## Work instruction
Return the listing verbatim, images left out.
··· Information provided
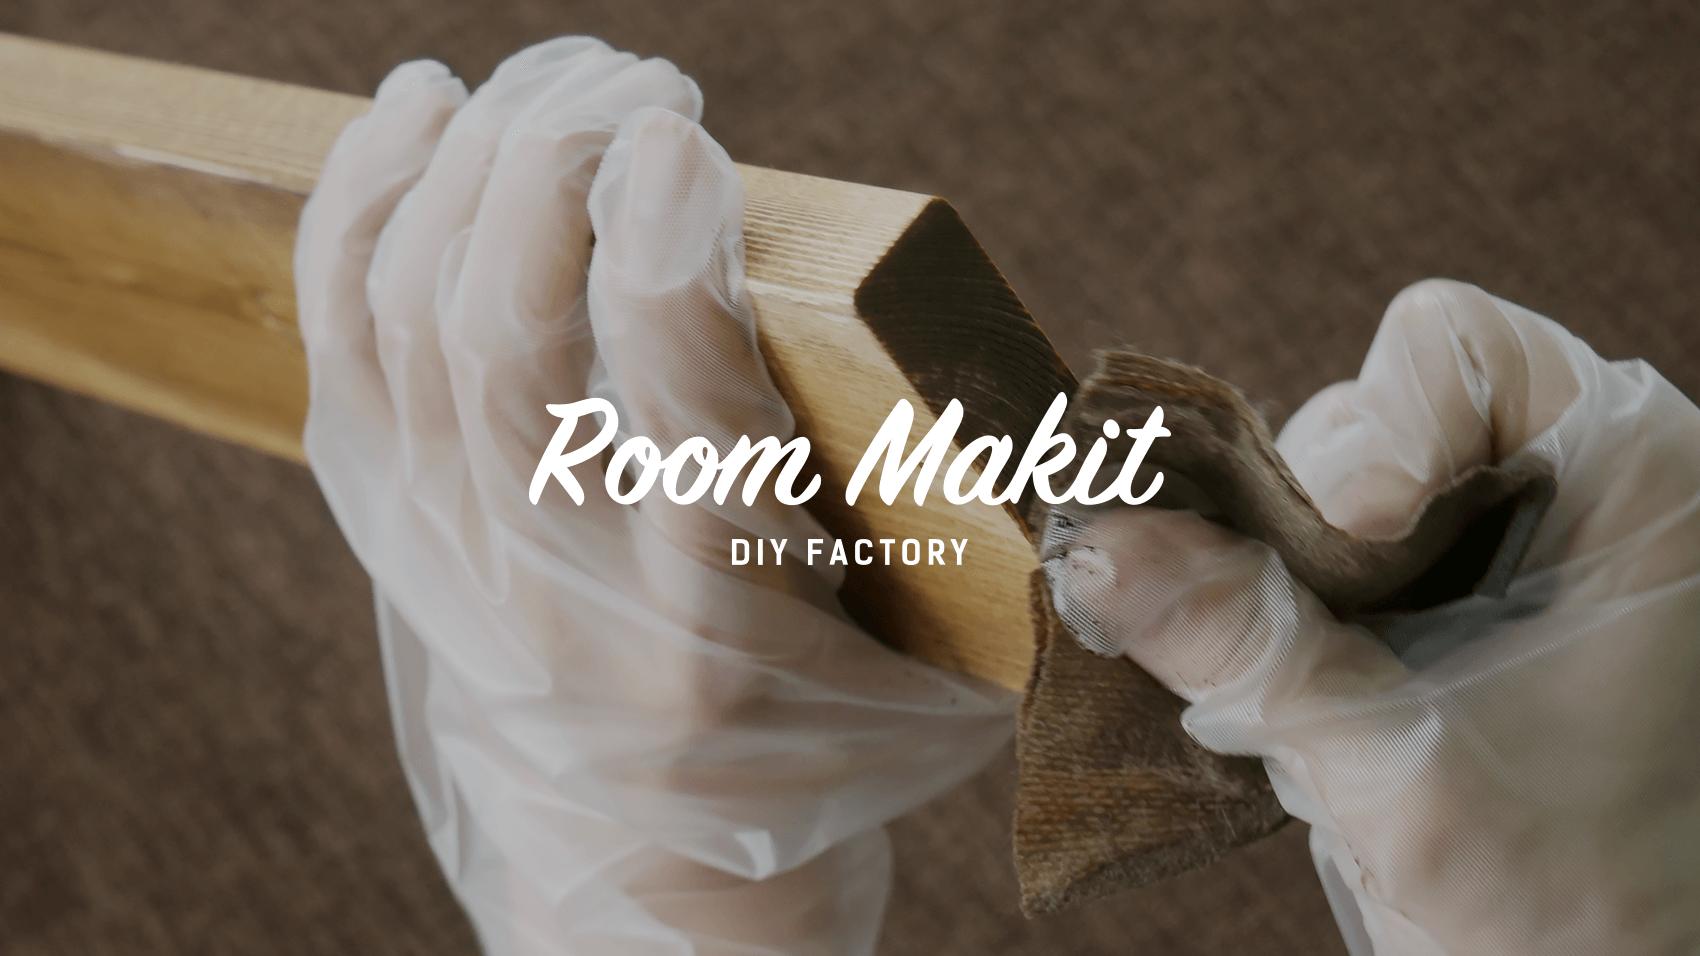 初心者でも壁収納ができる「RoomMakit」のランディングページデザイン
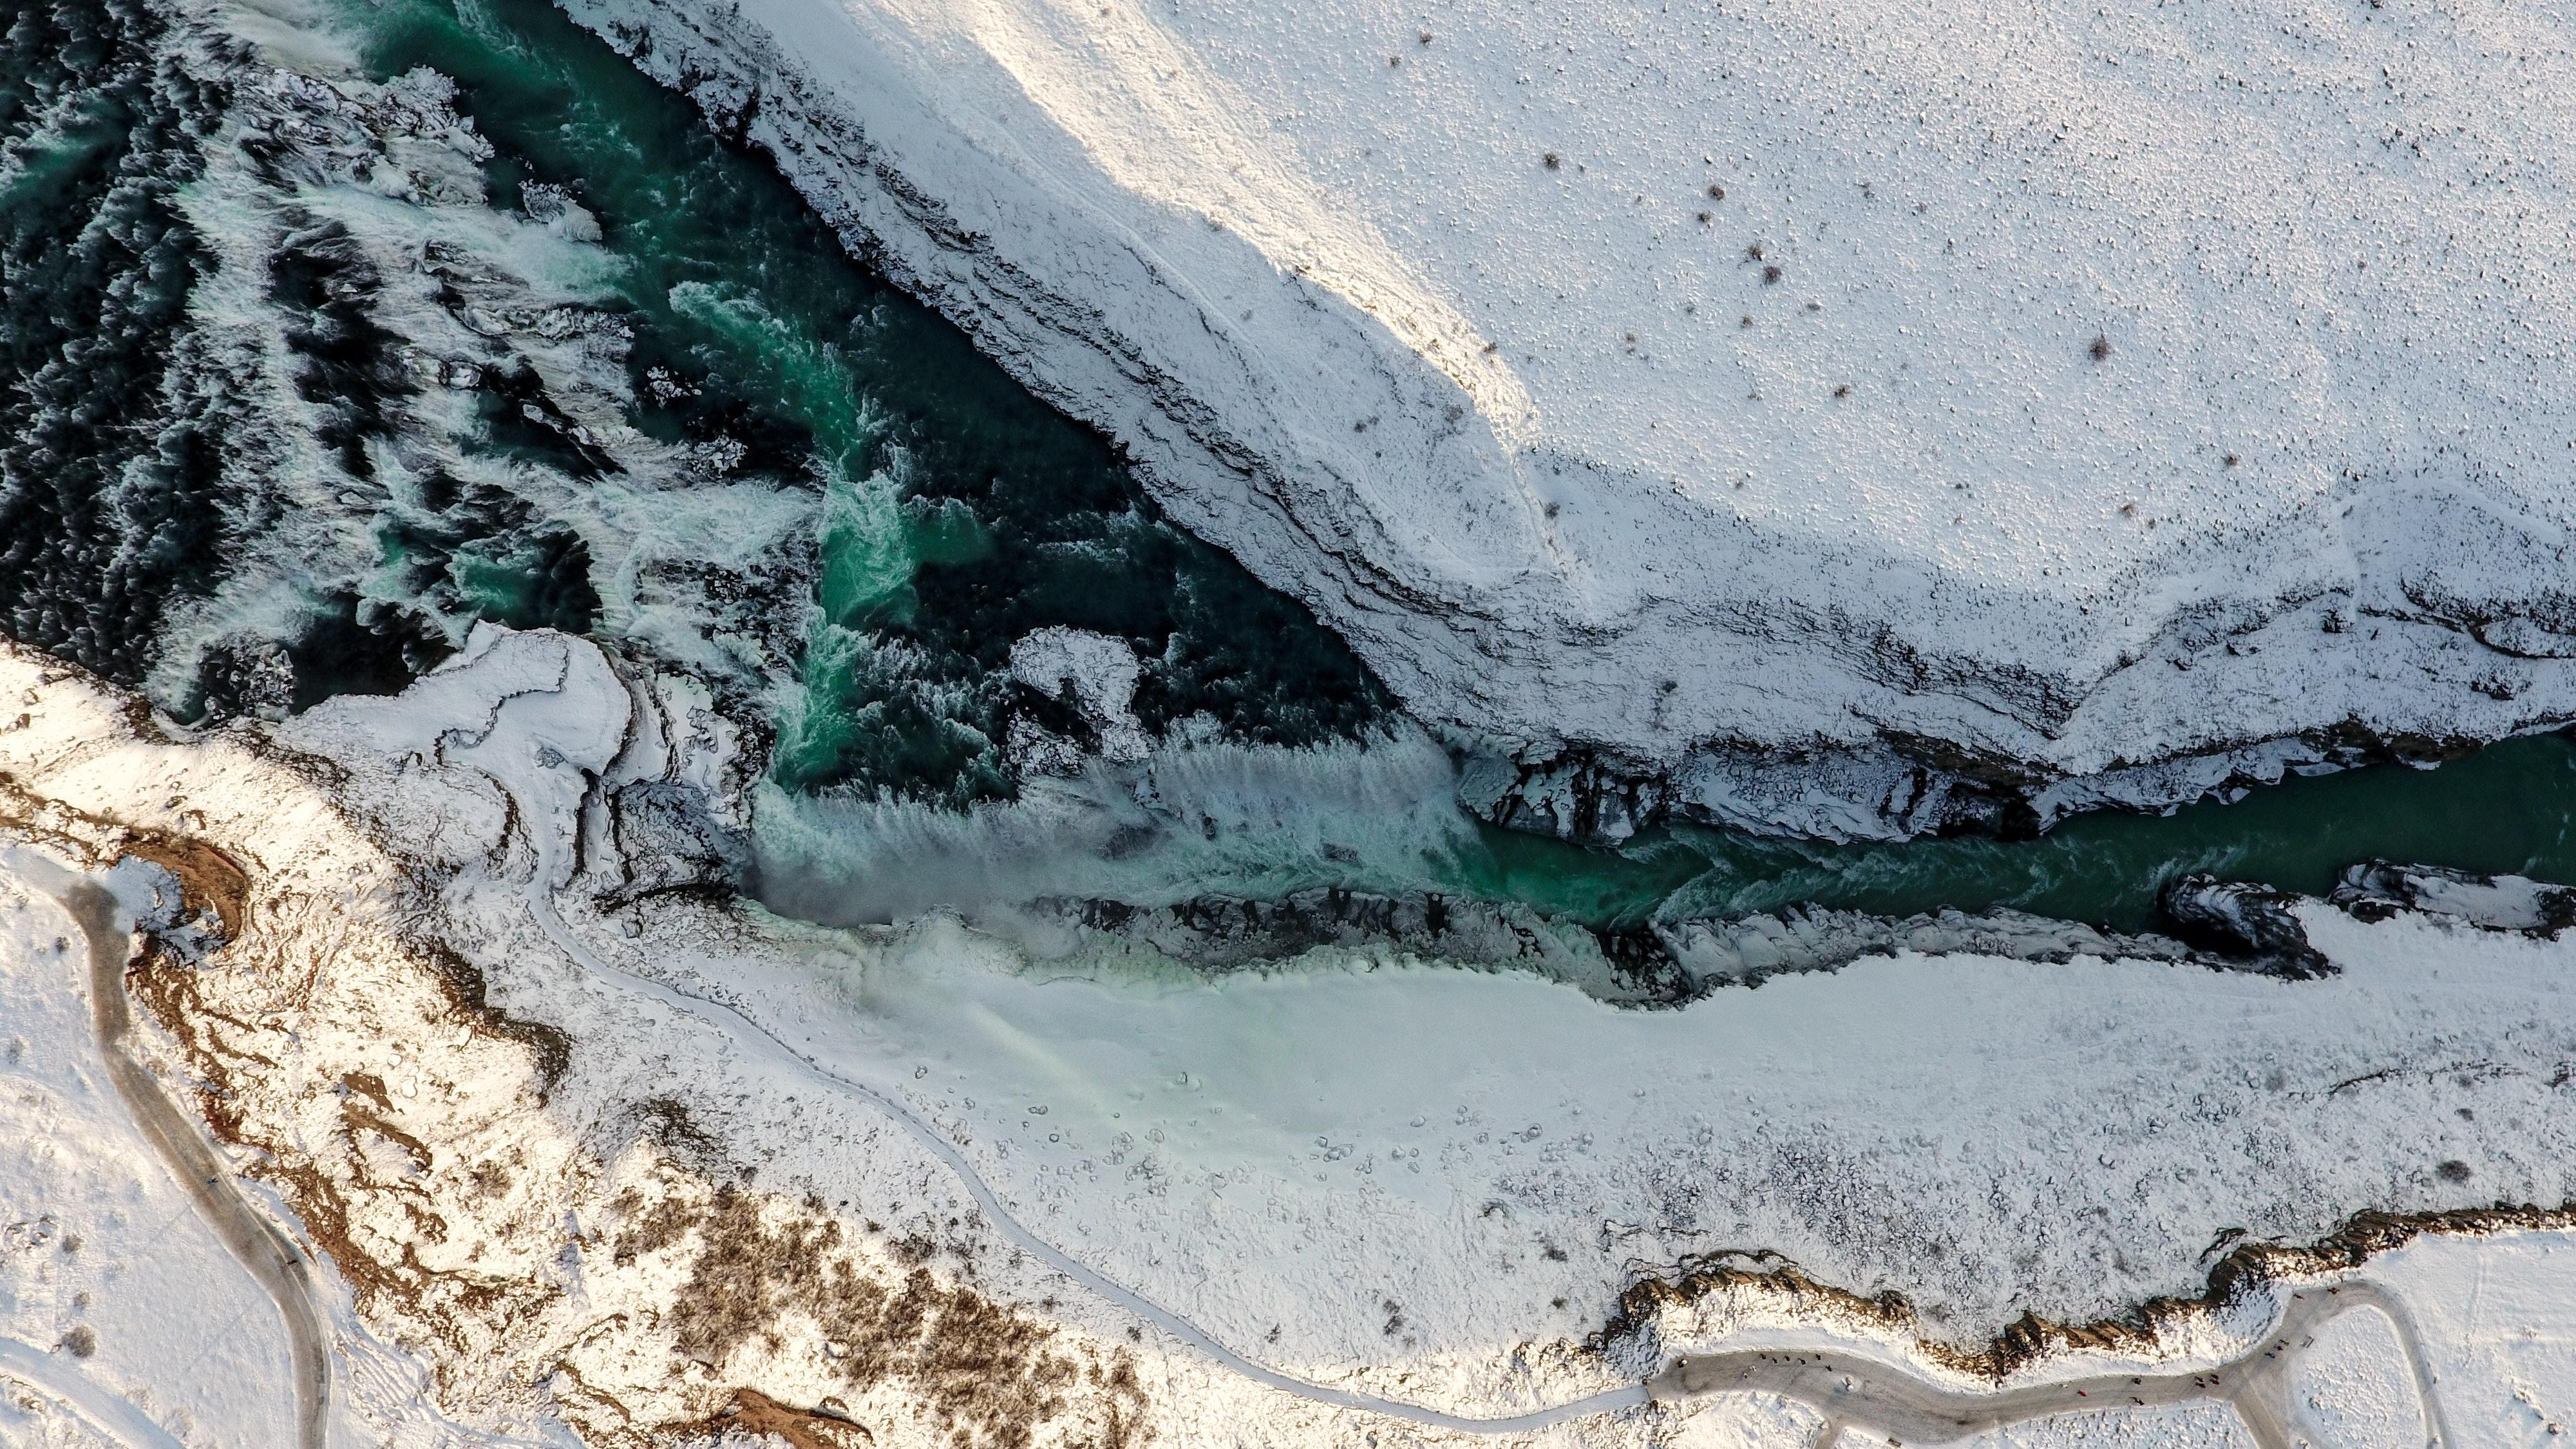 Gullfoss waterfall in Iceland in January
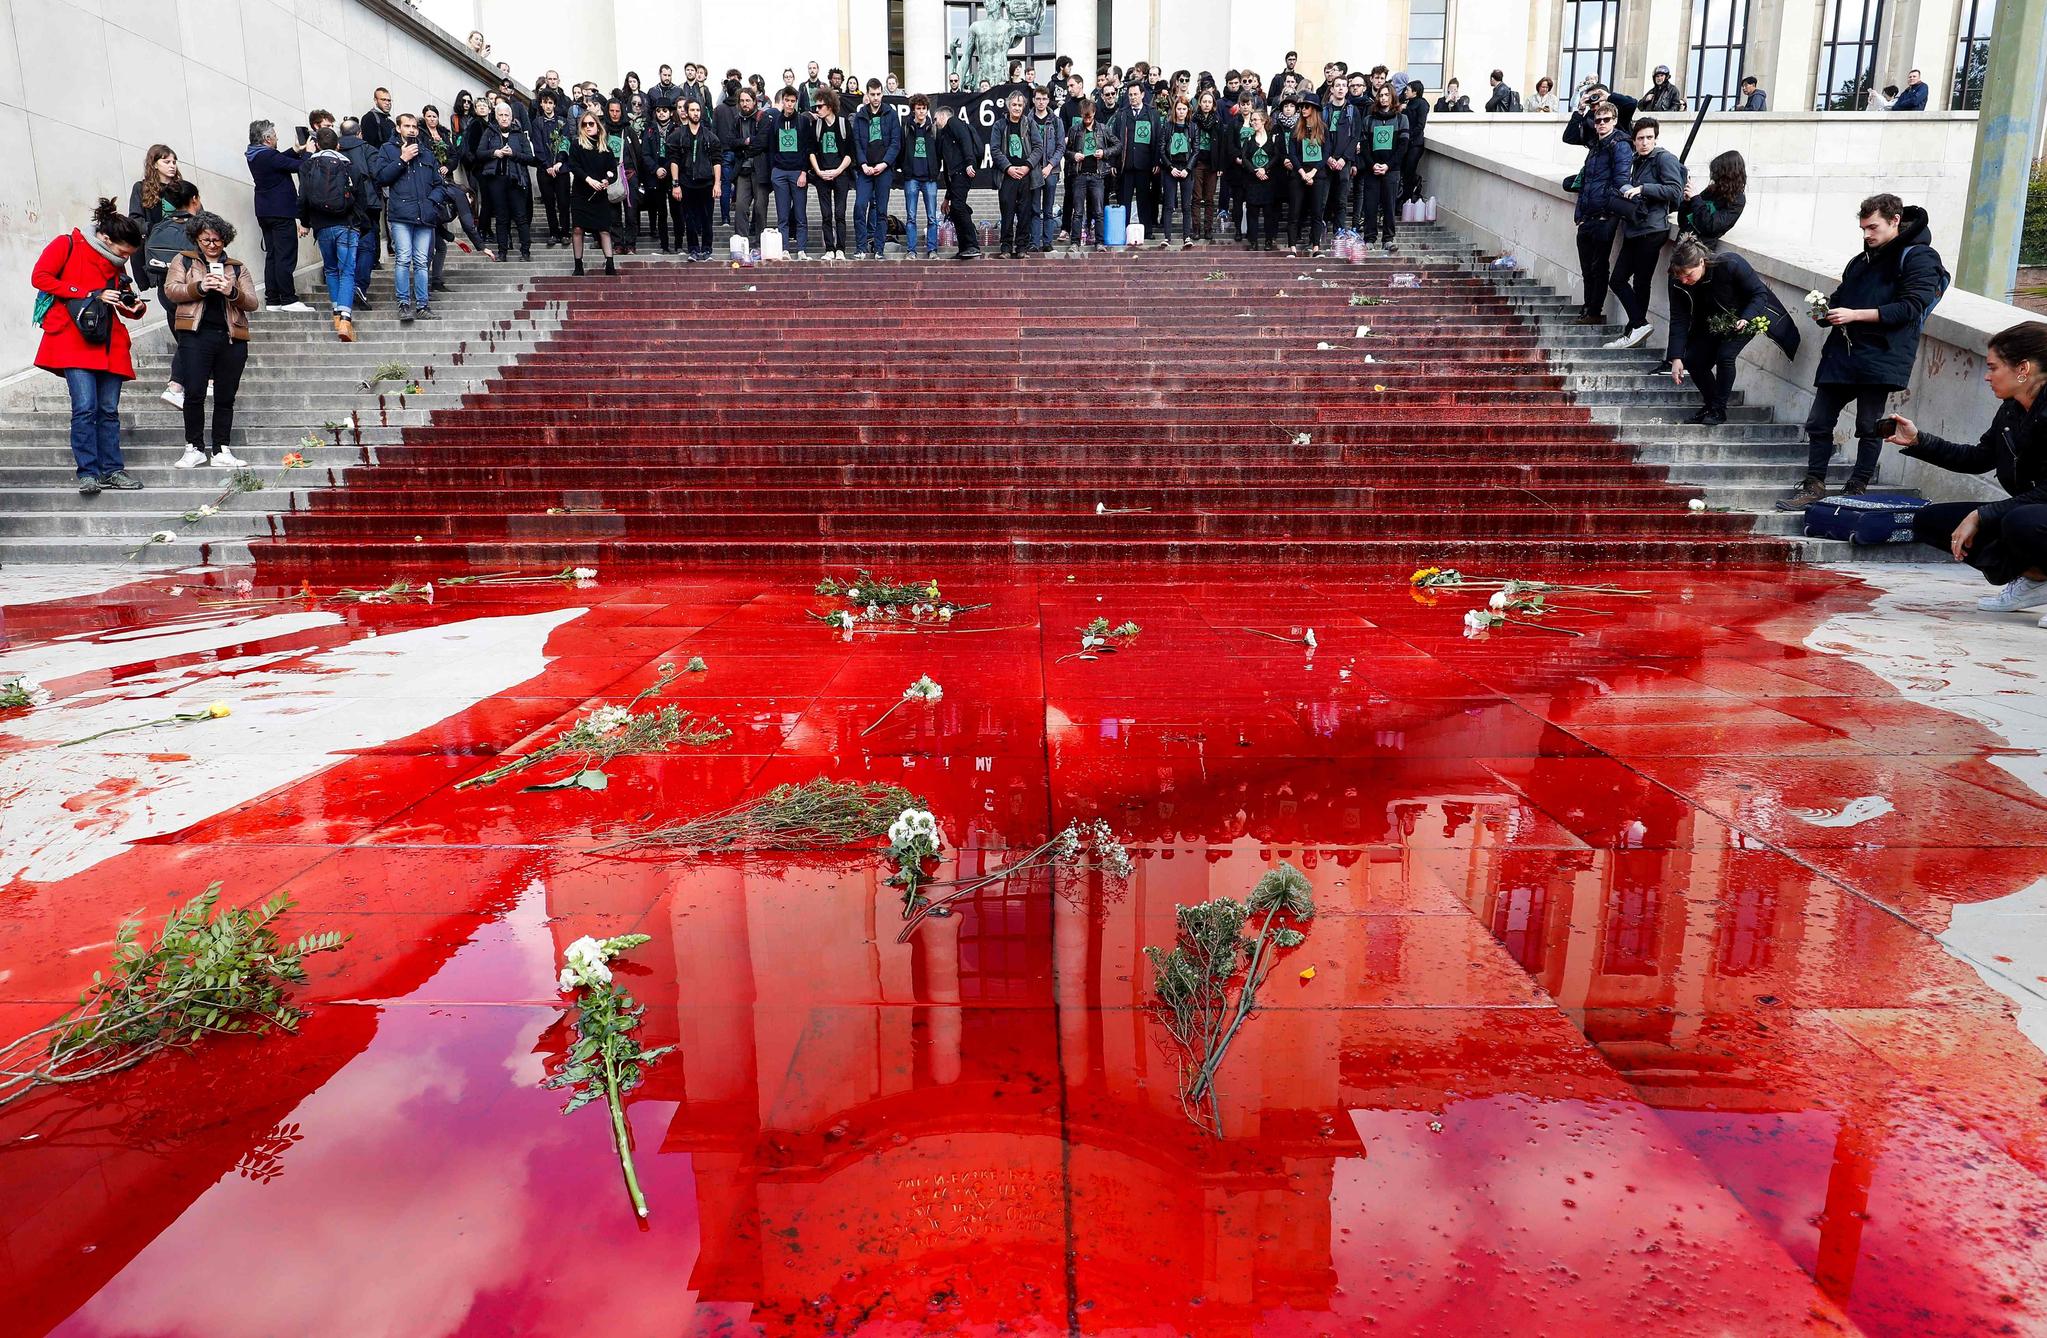 가짜 피가 뿌려진 바닥에 꽃이 놓여져 있다. [AFP=연합뉴스]
······
## Response for this exercise
 初心者でも壁収納ができる「RoomMakit」のランディングページデザイン
 Gullfoss waterfall in Iceland in January
 가짜 피가 뿌려진 바닥에 꽃이 놓여져 있다. [AFP=연합뉴스]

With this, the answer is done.